Microsoft Azure - Enhance Data Exploration with Azure Search

By Bruno Terkaly

Bruno Terkaly The fields of data exploration, real-time analytics and machine learning are being applied in many creative ways. Companies are building interesting architectures around a variety of open source software packages. Azure Search is one such piece of a larger architecture. Azure Search is a powerful new search experience for your Web sites and applications—even if you’re not a search expert.

Azure Search is a fully managed, cloud-based service that uses a simple REST API. It includes type-ahead suggestions, suggested results based on near matches, multi-faceted navigation and the ability to adjust capacity based on need. Azure Search provides full-text search with weighting, ranking and your own search behaviors based on a schema defined by field-attribute combinations. Data is immediately indexed, which minimizes search delays.

The need for effective search is growing along with the massive size of data stores. On Facebook alone, users spend hundreds of billions of minutes searching every month. To efficiently search Wikipedia, you’d have to index 17 million entries. Twitter boasts more than 600 million users, generating= more than 50,000 tweets per day. Performing full-text search at this scale requires some creative engineering. To index and curate all this information is not for the faint of heart.

Many companies for which search is an integral component of their business are starting to work with Azure G-Series Virtual Machines with 32 cores, 448GB RAM and 6.5TB of solid-state drive (SSD). Some engineers are writing custom assembly and C code to optimize cache coherency, for both data and instruction caches. They use the caches to reduce the amount of time the CPU sits there waiting for a memory request to be fulfilled, and to reduce the overall amount of data that needs to be transferred. One challenge within these huge, multi-core machines is there are many threads competing for the memory bus. The performance boost of leveraging the L2 and L3 cache is orders of magnitude more significant. All this is important because getting lots of data quickly into your full-text engine is critical.
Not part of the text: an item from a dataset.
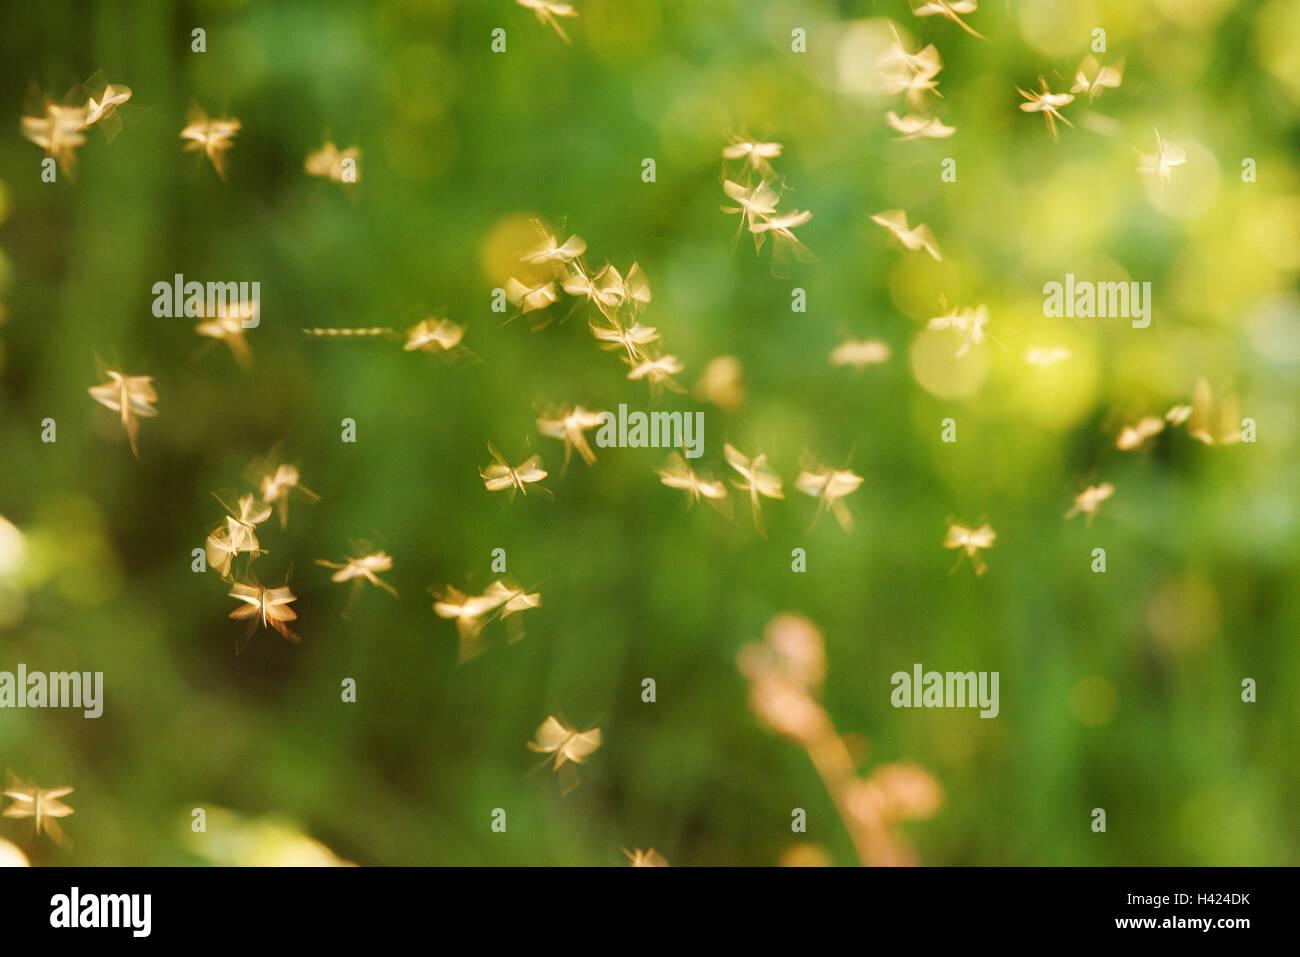 Enjambre de mosquitos, Back Light, insectos, Stechmücken, mosquitos, mosquitos, Culicidae Gelsen chupasangres, Imagen De Stock

Full-Text Search Done Correctly

Azure Search offers many advantages. It reduces the complexity of setting up and managing your own search index. It’s a fully managed service that helps you avoid the hassle of dealing with index corruption, service availability, scaling and service updates. One of the big advantages is that Azure Search supports rich, fine-tuned ranking models. This lets you tie search results to business goals. It also offers multi-language search, spelling-mistake correction and type-ahead suggestions. If search results are weak, Azure Search can suggest queries based on near matches. You can follow a quick tutorial on provisioning a new Azure Search instance at bit.ly/1wYb8L8.
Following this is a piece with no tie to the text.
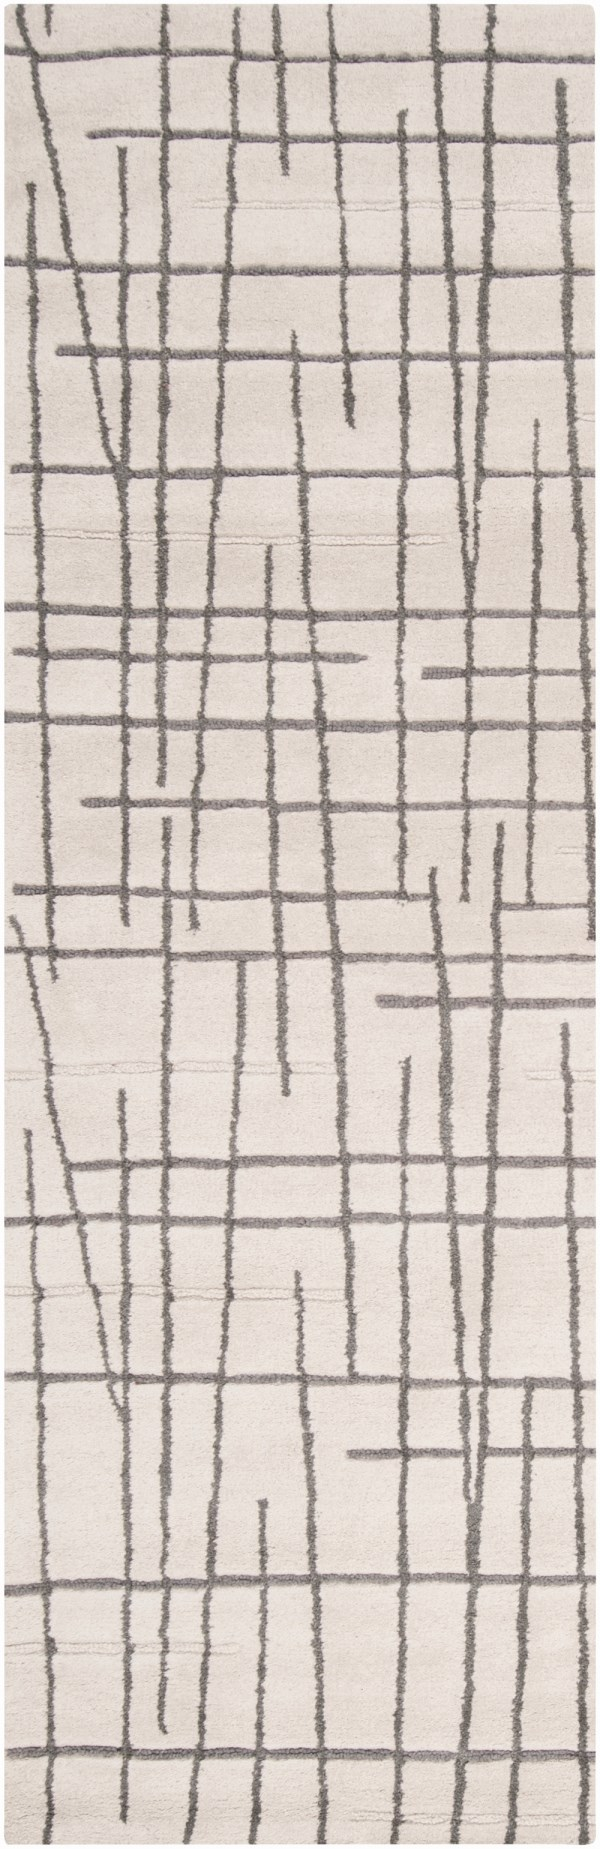 Beige, Medium Grey Transitional Area Rug

The tutorial guides you through getting started and the steps you need to perform at the portal. You’ll provision Azure Search in the Azure Management Portal (portal.azure.com), which requires two things: the URL provided by the portal itself and the API-KEY. The URL represents the endpoint in the cloud running your Azure Search service to which your client app will talk. The API-KEY will need to be protected carefully, because it provides all access to your service. After all, you can’t allow any client to access your Azure Search service without being authenticated with this key.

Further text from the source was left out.